If so, that's not the case. The roles are attached to only one domain and I'm looking to traverse down from that domain through the :hasDomain edges until I find another domain that has it's own role. It's basically an inheritance tree. if my syntax is correct

a:role1 -:canAccess-> a:Domain1 -:hasDomain-> a:Sub1

This is the same with the domains. domain1 only has an edge to sub1, not to sub2 and sub3 as well. That relationship is through travsering the tree one domain to the next.

Cheers
Paul

*update - I did get a little further in that I didn't realise in order to do recursive filtering you put the recursion inside the filter.

FILTER NOT EXISTS {
?domain (:hasDomain)* ?y.
?y ^:canAccess ?subrole.
}
I'm wondering if this is more along the lines of what I need to be aiming for? Maybe I'm on the wrong path, but my thoughts are what's needed is someway to recurse the hasDomain until you find a domain that has a role. ie filter out subdomain with their own role?

OK slowly getting there, thought I'd just post up my findings in case useful to anyone later.

So I have this

select * where { 
    ?user :hasRole ?role.
    ?role :canAccess ?roleDomain;
    
    ?roleDomain (:hasDomain)* ?subdomain.
    MINUS {
       ?subdomain ^:canAccess/^:hasRole ?user.
    }

    OPTIONAL {
        ?subdomain :name ?subName.
    }
    
    ?roleDomain a :Domain;
            :name ?roleDomainName.
}    

which is now returning

a:Role1 -:hasRole-> a:Domain1 -:hasDomain-> a:Sub1
a:Role1 -:hasRole-> a:Domain1 -:hasDomain-> a:Sub3
a:Role1 -:hasRole-> a:Domain1 -:hasDomain-> a:Sub4
a:Role2 -:hasRole-> a:Sub2 -:hasDomain-> a:Sub3
a:Role2 -:hasRole-> a:Sub2 -:hasDomain-> a:Sub4

So It's removing the sub2 domain from role 1 becuase it has it's own role directly attached. But it's not stopping the recursion of role1 from carrying on down the tree.

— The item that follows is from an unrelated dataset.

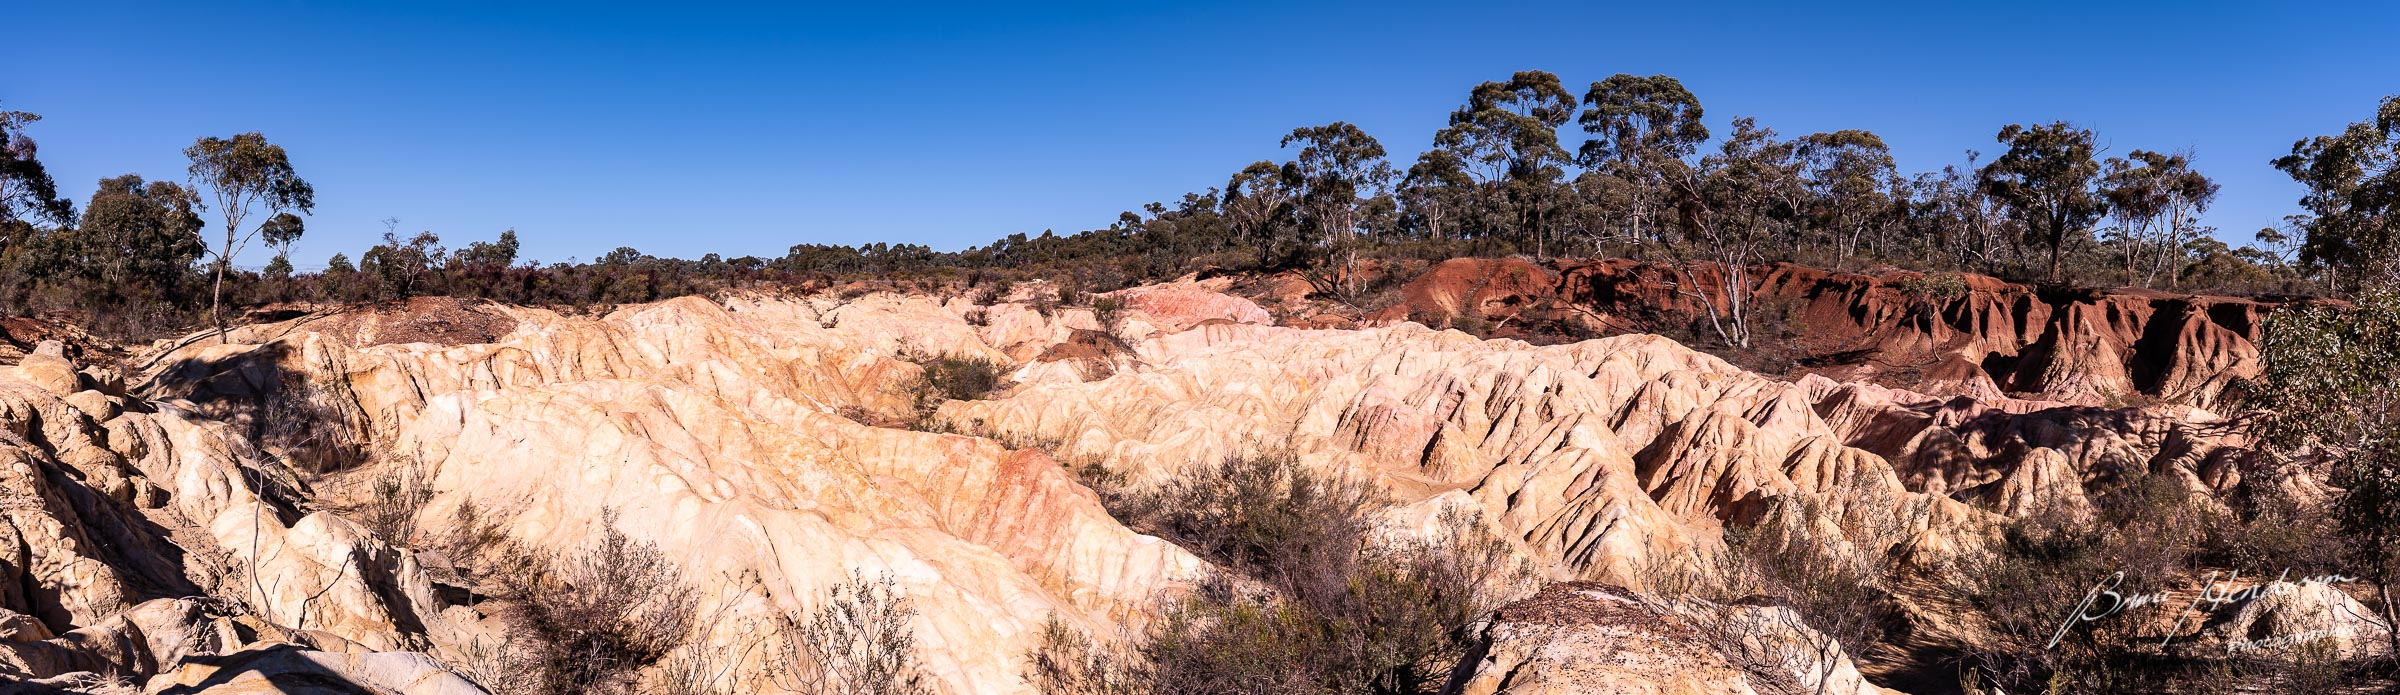 Pink_Cliffs_Heathcote-

Any thoughts on how to halt the recursion would be appreciated

Cheers

Hi Paul,

I'm struggling to reproduce your result. Can you post a data file, removing any sensitive information? Can you also send us the exact output you're getting and the exact output you want? That will enable us to tweak your query until we get your desired result.

Best,
Steve

Hi Steve,

Thanks for getting back to me. I'll try and find some time to export something today and post it up.